Is the composite plot how Fig. 5 was made in your Bioinformatics paper? The composite plot type also fails the same way.
One workaround for the heatmap, and I apologize if it exists and I didn't find it, might be to export the clustering result to a matrix with an additional column for clusterID. Then a heatmap could be made using this to sort the presence/absence data in the matrix. Is this possible and sensible? That might make it easier to look for enrichments of specific COG or KO groups within clusters as these were preserved in the gene names in my case.

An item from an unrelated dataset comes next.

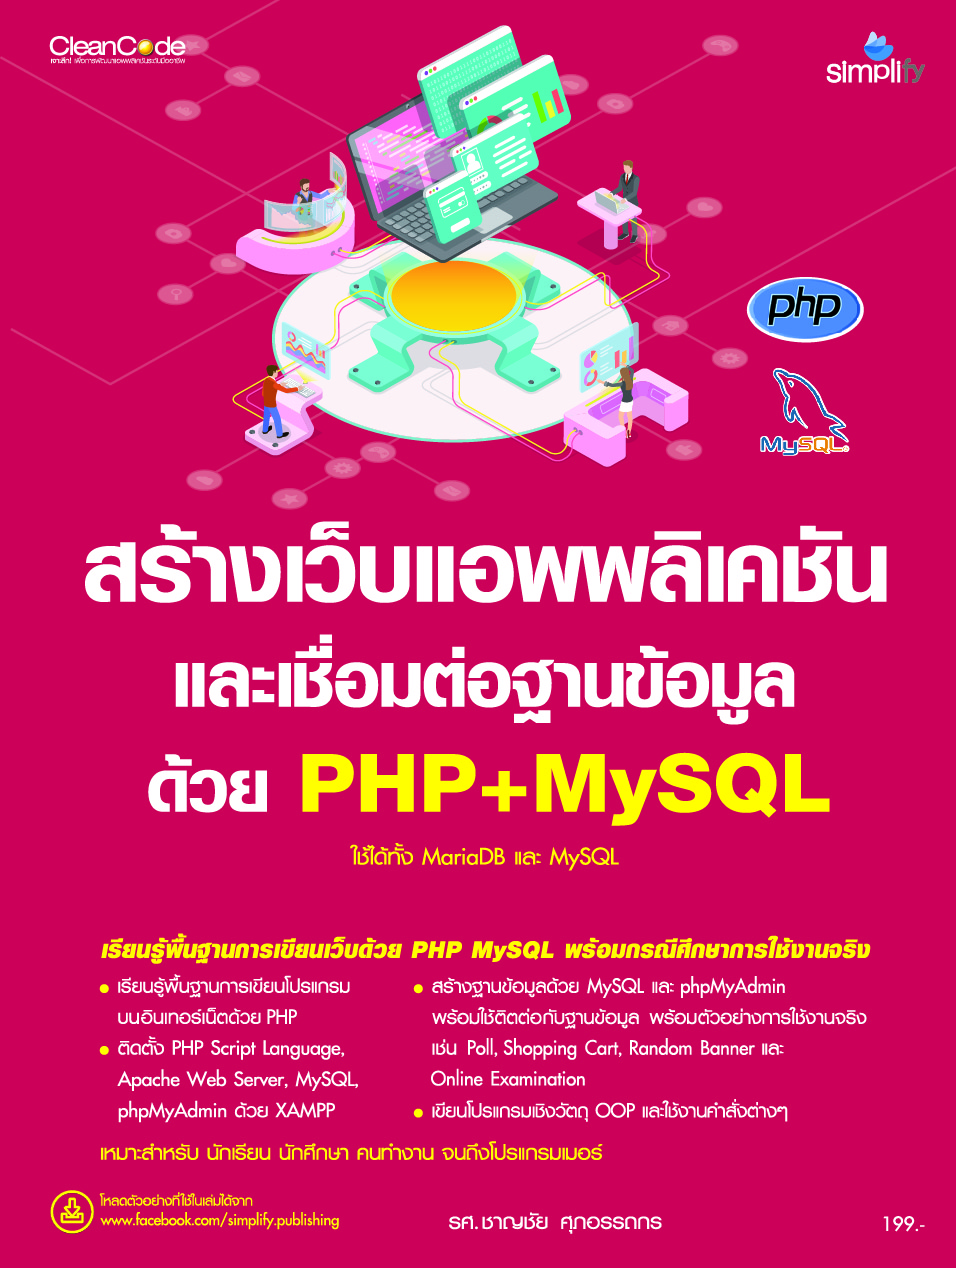 สร้างเว็บแอพพลิเคชัน และเชื่อมต่อฐานข้อมูลด้วย PHP+MySQL ใช้ได้ทั้ง MariaDB และ MySQL

Here's my session information in case there is something obvious there.
Session Information
R version 4.2.3 (2023-03-15 ucrt) Platform: x86_64-w64-mingw32/x64 (64-bit) Running under: Windows 10 x64 (build 22000)
Matrix products: default
locale: [1] LC_COLLATE=English_United States.utf8 LC_CTYPE=English_United States.utf8
[3] LC_MONETARY=English_United States.utf8 LC_NUMERIC=C
[5] LC_TIME=English_United States.utf8
attached base packages: [1] stats graphics grDevices utils datasets methods base
other attached packages: [1] hierarchicalSets_1.0.4
loaded via a namespace (and not attached): [1] Rcpp_1.0.10 pillar_1.9.0 compiler_4.2.3 RColorBrewer_1.1-3 [5] viridis_0.6.2 tools_4.2.3 digest_0.6.31 viridisLite_0.4.1 [9] evaluate_0.20 lifecycle_1.0.3 tibble_3.2.1 gtable_0.3.3
[13] lattice_0.20-45 pkgconfig_2.0.3 rlang_1.1.0 Matrix_1.5-3
[17] cli_3.6.1 rstudioapi_0.14 commonmark_1.9.0 patchwork_1.1.3
[21] yaml_2.3.7 xfun_0.38 ggdendro_0.1.23 fastmap_1.1.1
[25] gridExtra_2.3 withr_2.5.0 xml2_1.3.3 dplyr_1.1.1
[29] knitr_1.42 generics_0.1.3 vctrs_0.6.1 grid_4.2.3
[33] tidyselect_1.2.0 glue_1.6.2 R6_2.5.1 fansi_1.0.4
[37] rmarkdown_2.21 farver_2.1.1 ggplot2_3.4.2 magrittr_2.0.3
[41] scales_1.2.1 htmltools_0.5.5 MASS_7.3-58.2 colorspace_2.1-0
[45] labeling_0.4.2 utf8_1.2.3 munsell_0.5.0
Looking forward, I am collecting metabolomic data from these strains. If we can transform the metabolomic feature data to presence/absence, they can be handled exactly the same way as you state in your paper "Although Hierarchical Sets has been developed for the purpose of visualizing pangenome data, the approach is agnostic to the underlying data type, and it could potentially be applied to other large-scale set visualization problems, especially set data with a clear hierarchical interpretation." This would at least allow a visualization of whether or not the metabolomic data is mirroring the genomic data similarly as in Fig. 2 of your paper.
I am an amateur at high dimensional data analysis, so I'm not really clear on how to correlate patterns between the two matrices, but just visualizing it would be helpful. And I think this package will do that beautifully.